Что-то сгорело гнусное, паскудное не то в жене, не то в самом Камлаеве; какой-то новой, сильной линзой облеклось камлаевское зрение: иную, небывалую еще увидел Аду — не ту, балованную, вздорную, шальную, отъевшуюся на родительских возможностях и обожании мужчин, не ту, надменную, распутную, распущенную в жестах и словах, беспечную, как устрица, не знающую, что такое добровольно наложить запрет… не ту, с бесстыжими глазами, мучительно-влекущим выгибом хребта и вольной поступью, что вынимает душу медленными вспышками качающихся бедер, не ту, к которой тебя некогда кидало, как селезня под выстрел, — другую, новую и столь же настоящую, как прежняя.

Лицо ее теперь все чаще приобретало незнакомое ему взволнованно-пытливое и как бы сострадательное выражение; она как будто замирала на мгновение, прохваченная страхом, изумлением, неведением — вот кто она теперь, что с ней совершается — и с ясной радостной решимостью тотчас же подавалась навстречу известно чему и кому; вот это-то оно и было — «сияет жизнь улыбкой изумленной», — что он, Камлаев, рыскал в недрах тишины овеществить в свободно-натуральном звуке.

Камлаев стал теперь будто и в самом деле ей не нужен, отставлен, брошен, позабыт, уже не важно было, какими он глазами смотрит на нее и смотрит ли вообще. Какая-то освободительно простая мудрость была в том, что, хочешь ты, не хочешь, новая жизнь, носимая в утробе, сама собой подчиняет женщину себе, пусть даже эта женщина — самовлюбленный, избалованный, привыкший к раболепию реальности ребенок; какой бы ни была, а там, внутри, есть кто-то, кто еще эгоистичнее и во сто крат прожорливей, пристрастней, нетерпимее.
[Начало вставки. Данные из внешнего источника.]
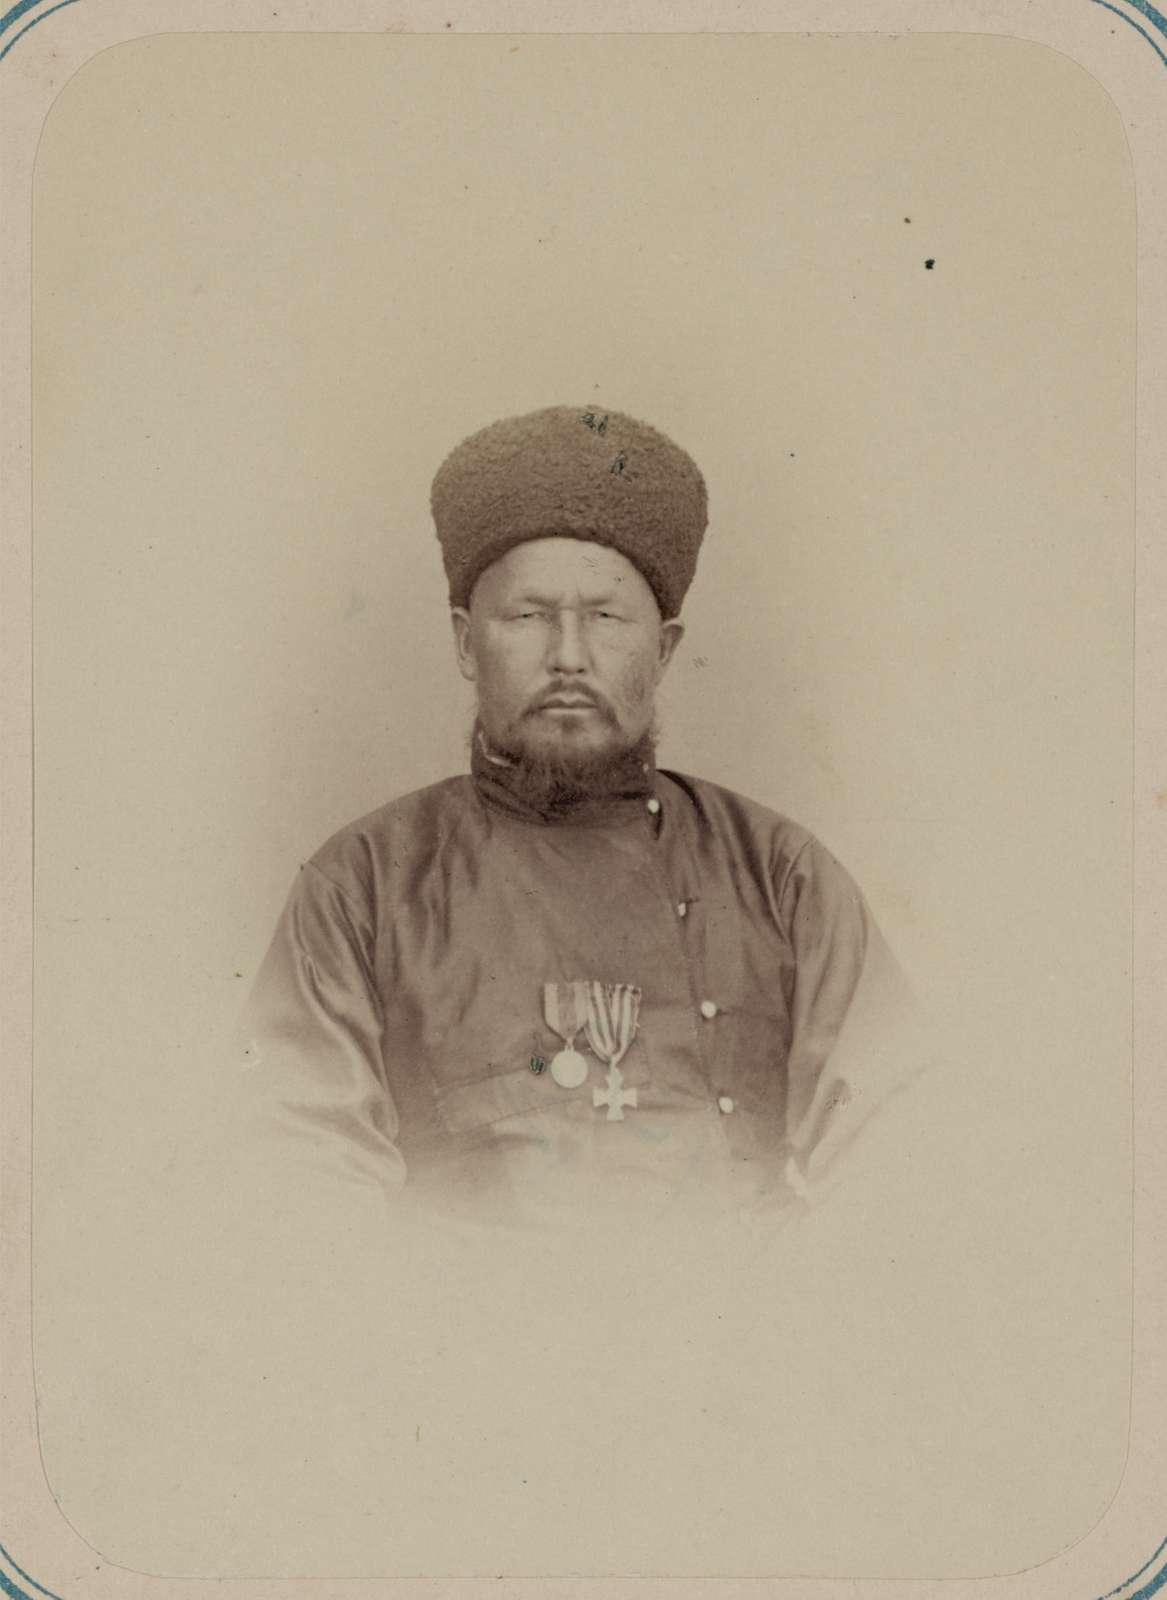 Georgievskie kavalery imieiushchie znaki otlichiia voennago ordena. Za vziatie Ak-Mecheti (forta perovskii) 22 Iiunia 1853 g. Kirgiz Safarov
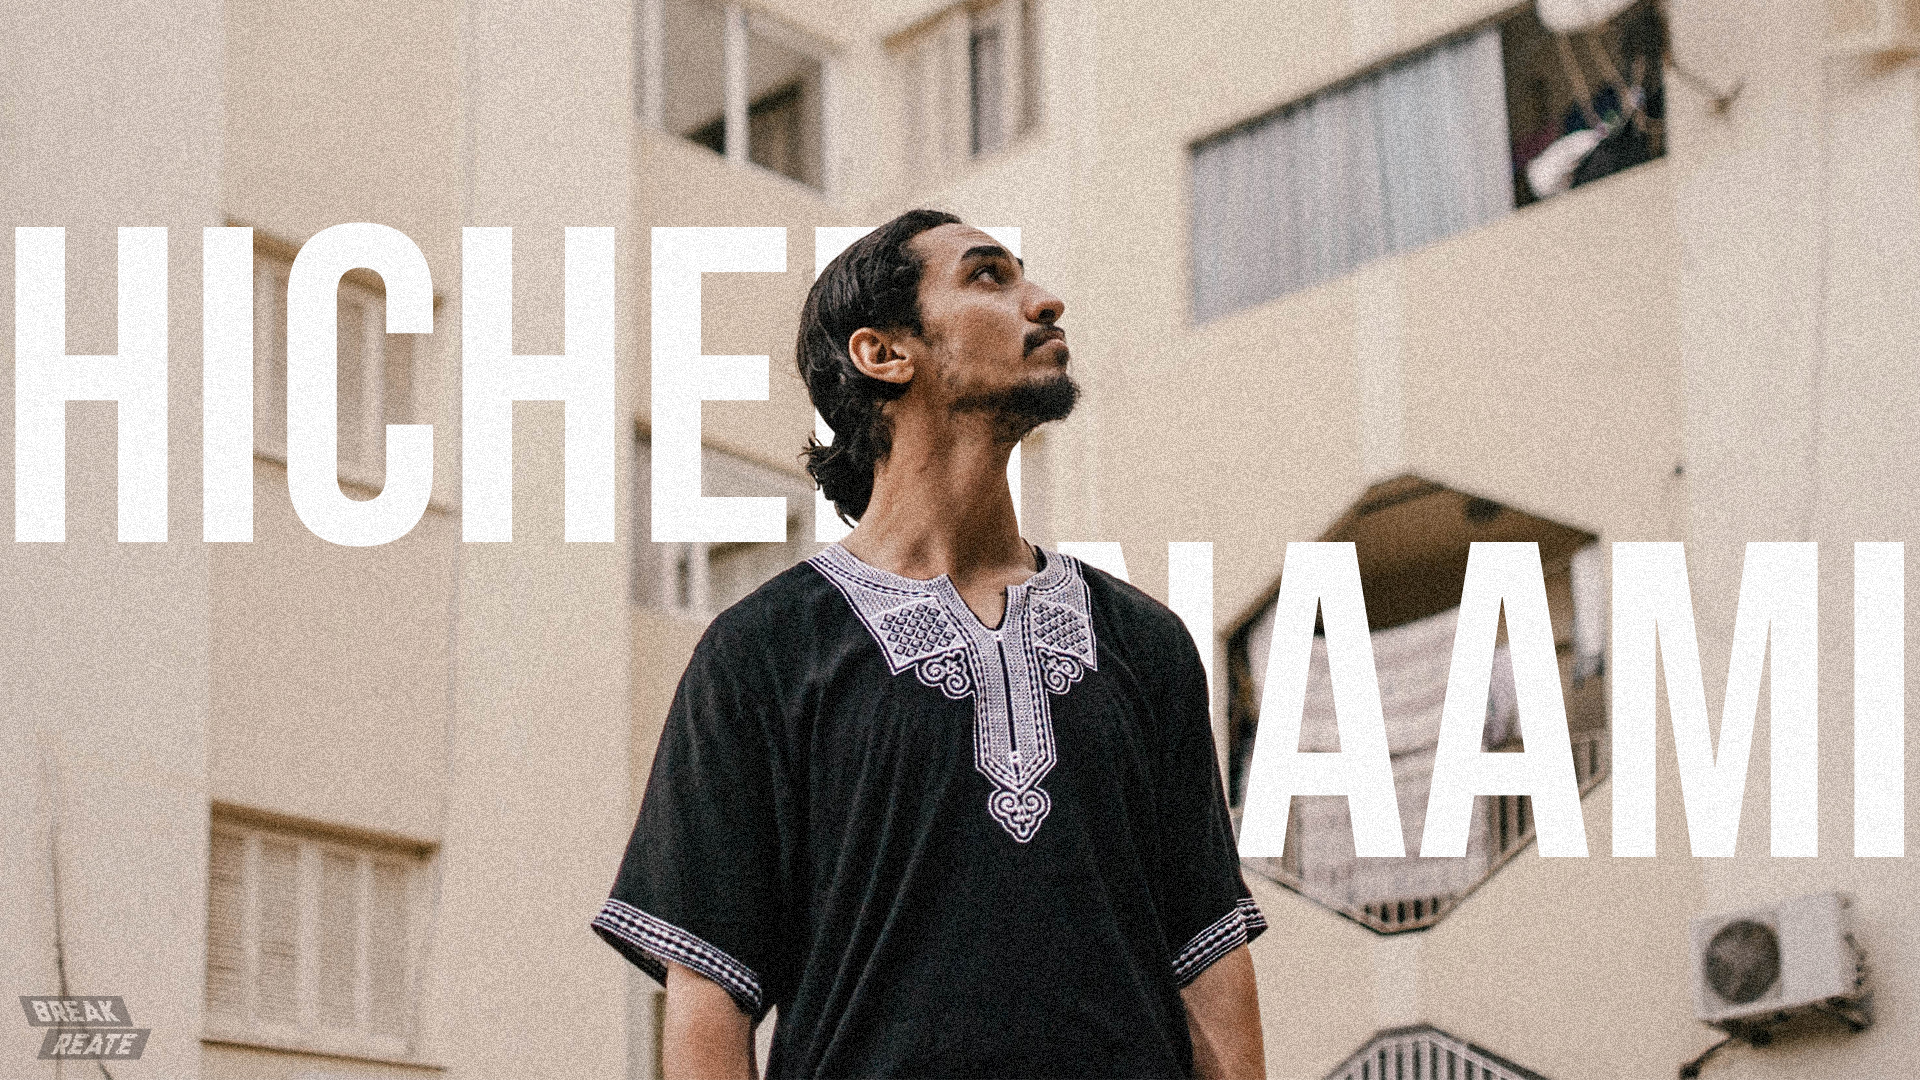 Hichem Naami: Building The Parkour Community In Tunisia

То, что ее вчера пугало и бесило, воспринималось Адой как несвобода, как одиночество, отсутствие необходимого для жизни, теперь вмиг сделалось обыкновенным и нестрашным, тем, что не отменить и не изжить… да и вообще сейчас не до того.

Стояла перед ним — простоволосая, растрепанная, заспанная, с припухшими подглазьями, с растительным узором от складок наволочки на отлежанной щеке, такая беззащитная, замученная, слабая, что он проникся к ней таким внезапным виноватым чувством, что даже и шагнуть не мог, обнять, прижать, приплющить, уткнуться носом в темя… так и застыл, бессильный, онемевший не то чтоб от стыда — скорее, полноты непонимания: как может быть, что он, Камлаев, не боится ни секунды ей сделать больно, как может быть, чтобы она, которая уже настолько стала им, настолько приняла его в себя — полней и крепче не бывает, — вдруг сделалась чужим, ненужным человеком для него?